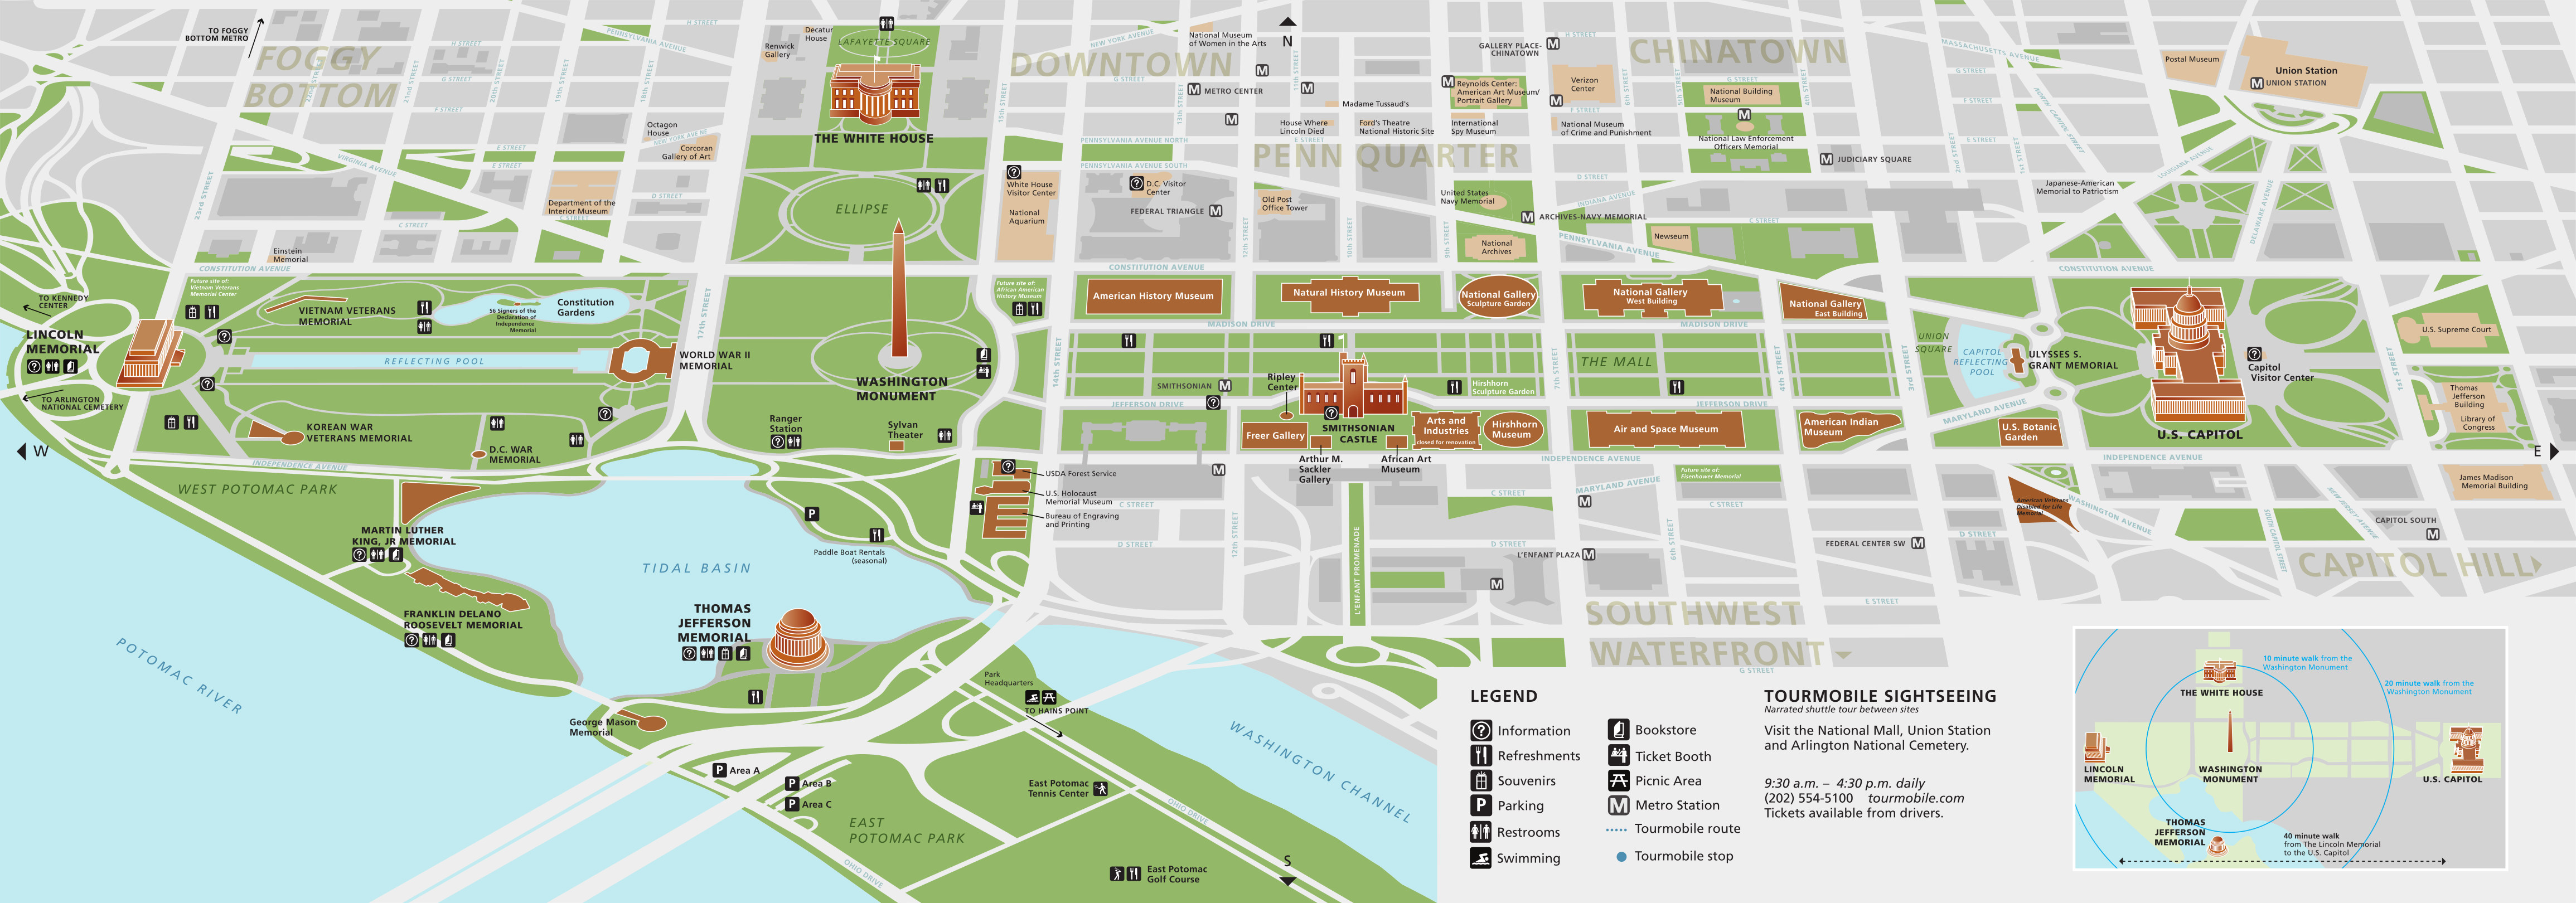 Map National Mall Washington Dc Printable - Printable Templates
==
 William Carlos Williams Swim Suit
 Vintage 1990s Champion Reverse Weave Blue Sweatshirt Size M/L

#### WHAT YOU HAVE TO DO
Given the records above, return exactly the lines starting at the line containing "William Carlos Williams Swim Suit" and ending at the line containing "Vintage 1990s Champion", including both.

#### ANSWER
 William Carlos Williams Swim Suit
 Vintage 1990s Champion Reverse Weave Blue Sweatshirt Size M/L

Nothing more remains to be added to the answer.